We take a detour from our irregularly-scheduled programming for lighter waters. (What? LiveJournal can be used for such things?!?!/1interrobang)
Courtesy of the faintly ridiculous but undeniably fun
Delicious Library -- I'd buy a drink for whoever came up with the webcam-as-barcode-scanner idea -- here are some books I'm currently reading:

Three books on sociology! One to make me feel bad about being shallow, one to make me feel good about being shallow, and one to make me feel shallow about Japan. A novel from the inscrutable archipelago, too: it may be more classically Japanese in tone than even Kawabata's
Snow Country, which I would've
a priori considered impossible. You can't get much more American than the Rabbit series of novels, though, and I submit that there's a bit of Harry Angstrom in all men. Finally, a thorough examination of someone who might just disprove that last sentence, J. Robert Oppenheimer, who said in 1929, "My two great loves are physics and New Mexico. It's a pity they can't be combined." That he was so wrong on that count is chilling, touching... probably for him most of all, haunting.

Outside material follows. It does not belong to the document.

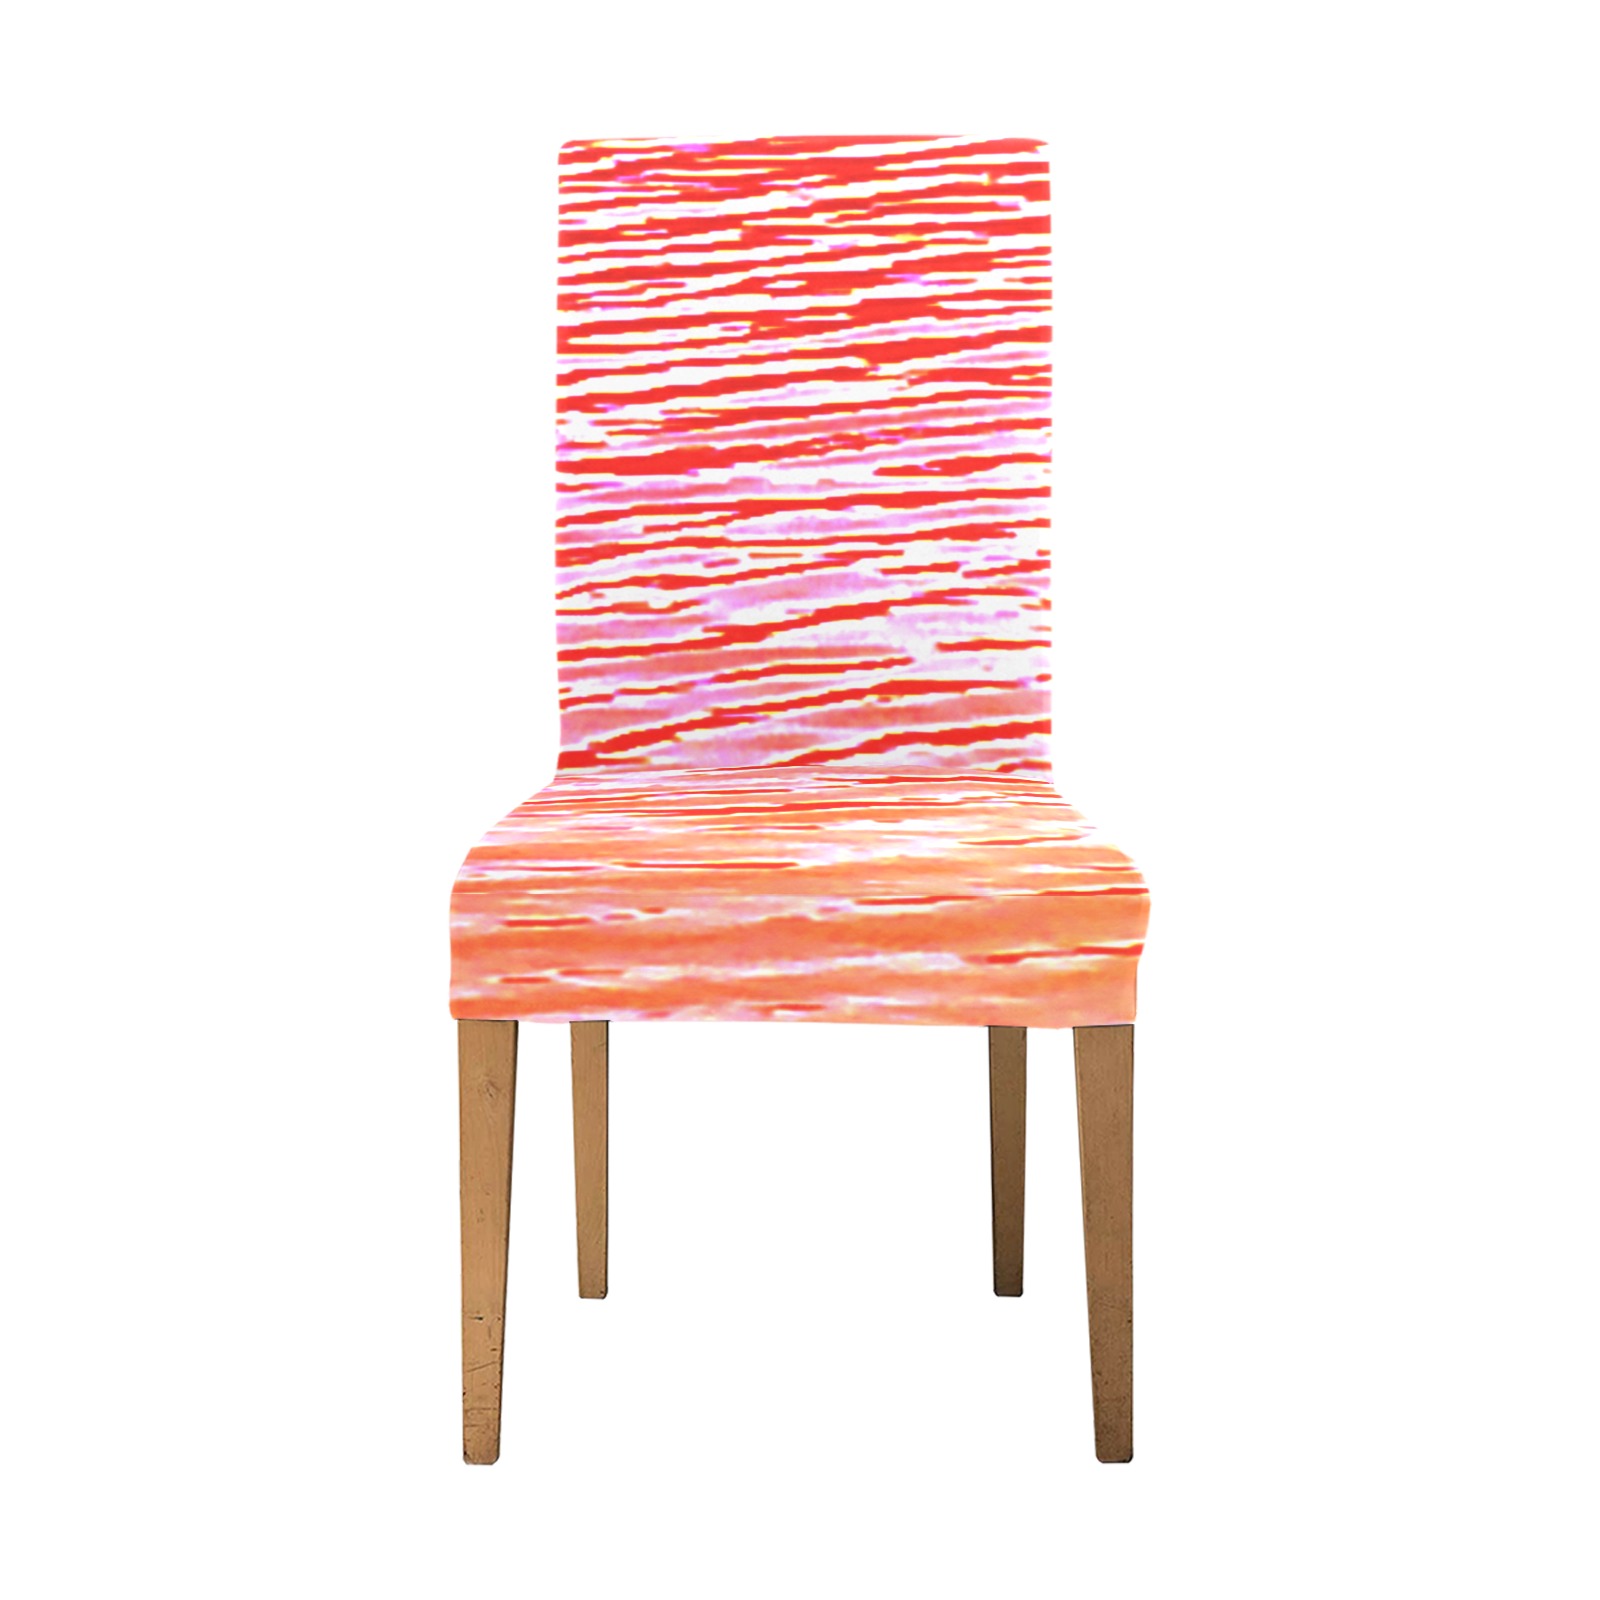 Orange and red water Removable Dining Chair Cover
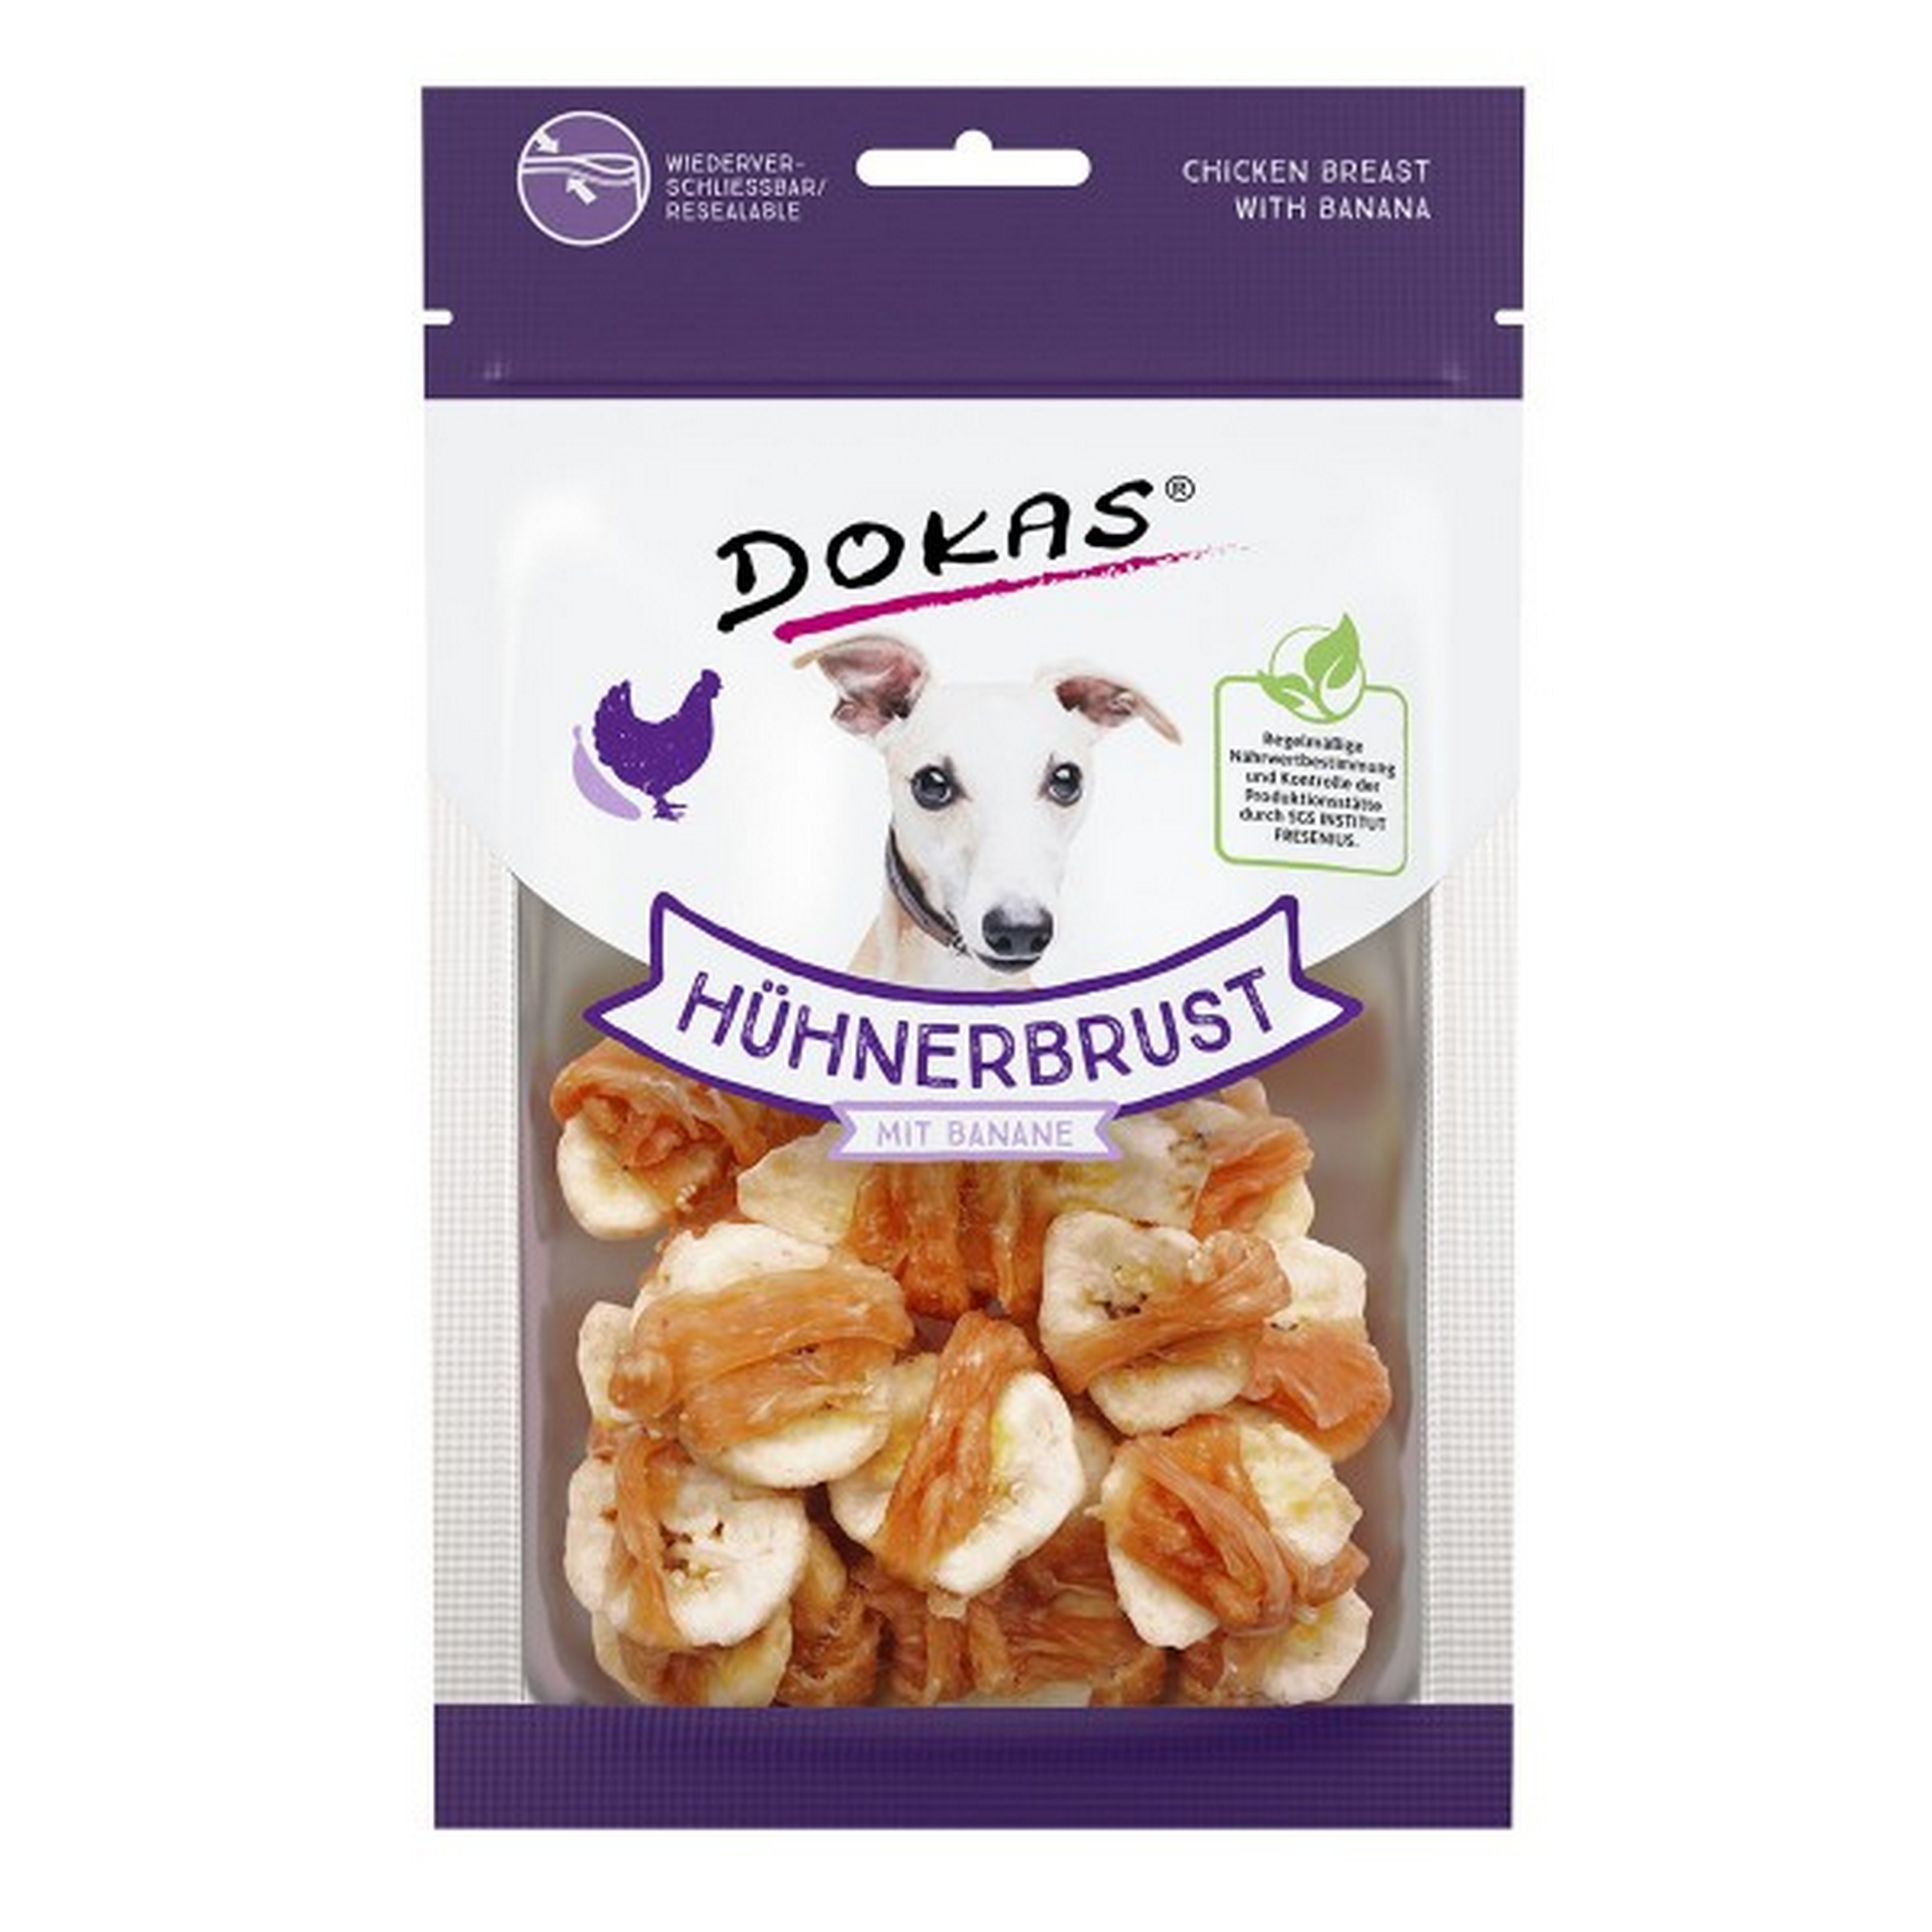 Hundesnack Hühnerbrust mit Banane 70 g + product picture

One of my favorite pastimes when I was young was just to go to bookstores. I could spend arbitarily long amounts of time in them. (That this enthusiasm never quite extended to libraries is an issue for another post.) Even now, when my time in my beloved home city of NYC tends to be short, I always devote an afternoon to making the pilgrimage to at least two of my favorite bookstores there (Housing Works! Three Lives and Company! The Strand! The list goes on.) I just found a lovely little bookstore here in St. Louis, in fact, and...
Hell, did I just use the word "lovely," and not in reference to a hot chick?
By the way, I've never been too enamored of obscure vocab, but words can still entertain me. I ran into an old favorite today, "velleity," which roughly means, "volition of the weakest kind." Fricative to liquid to stop, ohh, joy! I am only half kidding. Sometimes I think I should just buy a Random House Webster's Unabridged for the fun of it. (Don't get me started on the OED, man. Have you ever tried to use that thing? And seriously, how many pages do you really need on "and"?)
Anyway, I actually have a book on the way from Amazon (I know what I just said about bookstores, but it's hard to beat Amazon for instant gratification) titled
Empires of the Word: A Language History of the World, by Nicholas Ostler. I haven't indulged my amateur interest in linguistics in a good long time. I guess all that Latin training meant something after all... I suppose I did go on to the even more (structurally) elegant language of ancient Greek, and then to the controlled insanity of Sanskrit...
What the hell am I blabbing on about, anyway? I bet you wish I'd just posted a juggling video instead.